The Pwn2Own Exploit That Never Was: A Format String Flaw in Synology IP Cameras Allowed Remote Code Execution
In the autumn of 2024, the InfoSect bug hunting team prepared a remote code execution attack targeting the Synology TC500 IP camera for entry in the Pwn2Own Ireland competition. The exploitation hinged on a flaw in the implementation of string formatting, which allowed the bypass of ASLR and granted complete control over the device. Although Synology managed to patch the vulnerability at the last moment, the exploit’s development served as a compelling demonstration of the offensive potential that remains even under modern defensive mechanisms.
The research began with firmware analysis, made accessible through public downloads. Using emulation, the team examined the device’s internal services, including a civetweb-based web interface and an RTSP server. Attention quickly centered on the webd
process responsible for handling HTTP requests. Despite contemporary protections—PIE, RELRO, ASLR, and Stack Canary—a critical vulnerability was discovered in the process_new_connection
function.
Synology had implemented a debugging feature in webd
, wherein each thread logged the requested URI to a global table via the set_thread_name
function. The issue stemmed from how this URI was passed to mg_snprintf
and treated as a format string—without verifying whether it contained control characters. This introduced a classic format string vulnerability.
Though direct reading of the result was impossible, stack analysis revealed a pointer referencing the HTTP version string returned to the client. By crafting format specifiers such as %[len]c%[pos]$n
, the researchers achieved memory leakage, effectively circumventing ASLR. While the accessible memory range was constrained to 0x50000000–0x60000000, it sufficed to expose addresses within the executable module.
The next phase involved arbitrary memory writes. Leveraging stack pointers, the team constructed a chain: p1
pointed to p2
, which in turn pointed to p3
, located in a safe stack region.

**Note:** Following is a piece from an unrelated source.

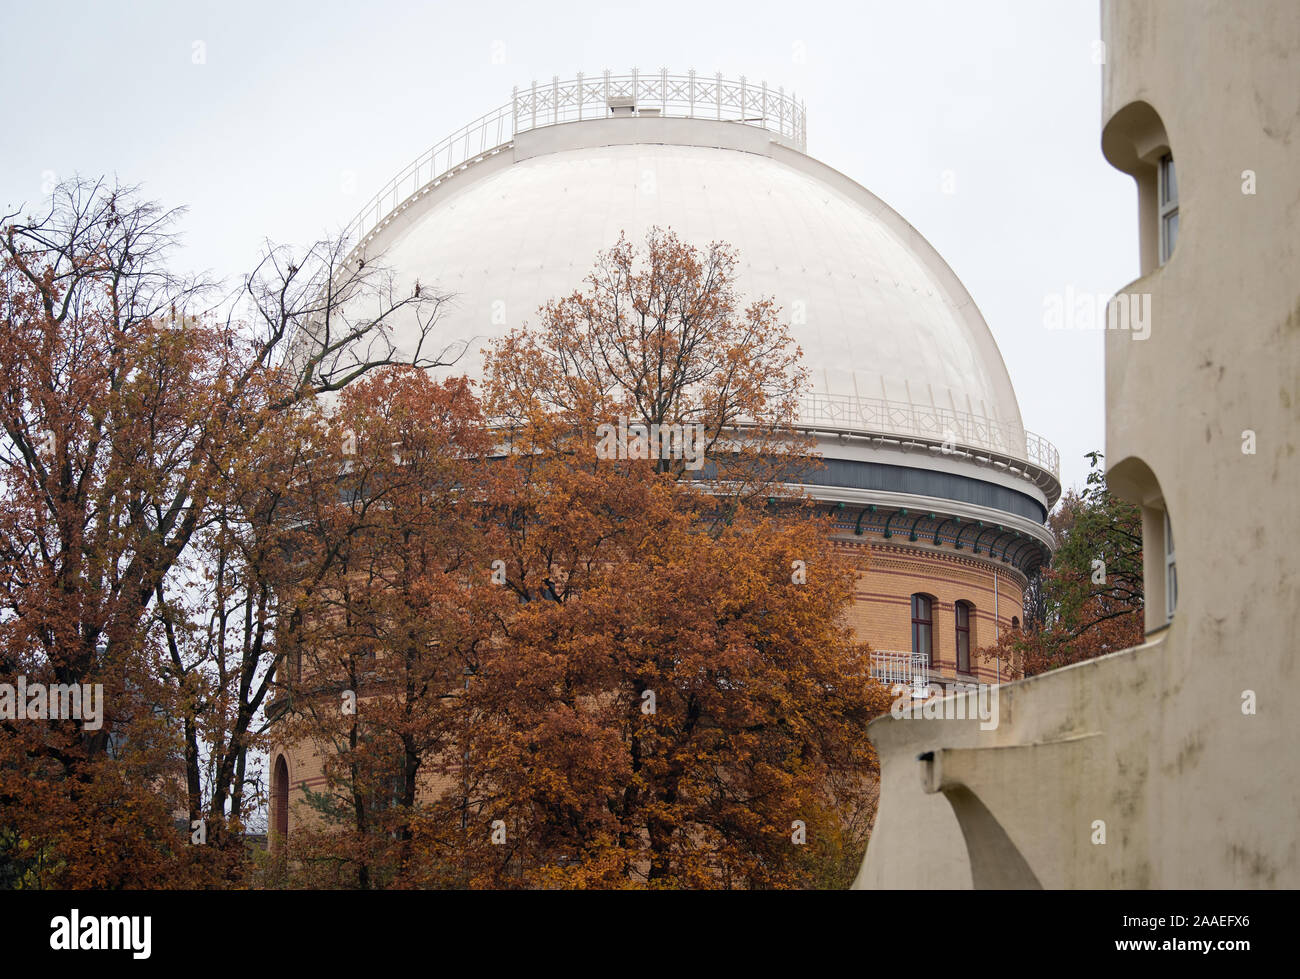 Potsdam, Germany. 18th Nov, 2019. The Einstein Tower (r), designed by Erich Mendelsohn, and the dome of the Great Refractor of the Astrophysical Institute between autumnal leafy trees in the Albert Einstein Science Park. The park was created in the middle of the 19th century with astronomical, meteorological and geoscientific observatories. The architect Paul Spieker was the planner of the park. Credit: Soeren Stache/dpa-Zentralbild/ZB/dpa/Alamy Live News Stock Photo
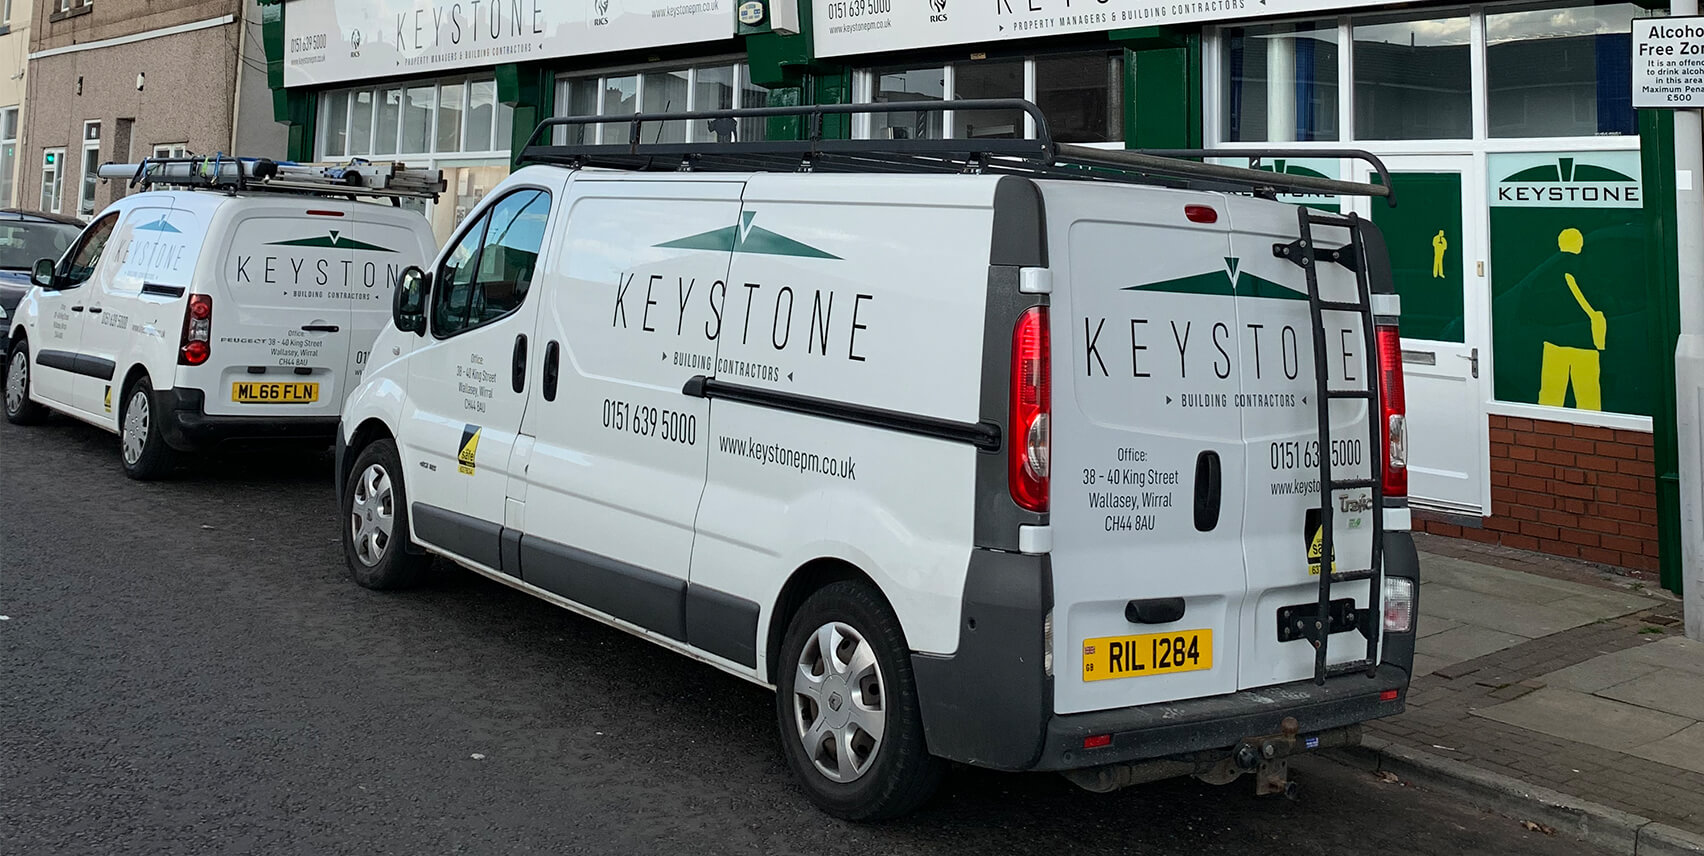 Keystone – Property Management and Building Contractors, Wirral, Liverpool

By carefully modifying the bytes of these pointers step-by-step, they redirected p3
to an arbitrary memory location and wrote data to the desired address.
This technique culminated in a rudimentary arbitrary write primitive operating at 8-bit granularity. It enabled the modification of memory contents and set the stage for an attack on the free()
function within the glibc library.
Armed with the earlier leakage and knowledge of the .got
address, the team calculated the location of __free_hook
and replaced it with system()
. To trigger a call to free()
with a controlled argument, they exploited the behavior of the GetSessionIdFromCookie
function, which frees memory allocated to a Cookie header. By supplying a payload such as telnetd -p 1337 -l /bin/sh -F
in the Cookie, the attacker ensured that free(cookie)
would invoke system("telnetd -p 1337 -l /bin/sh -F")
, thereby spawning a reverse shell.
Although the exploit was never demonstrated at Pwn2Own due to Synology’s last-minute firmware update, the methodology offered a vivid illustration of how a single format string vulnerability—combined with glibc internals—can grant an attacker full dominion over a device.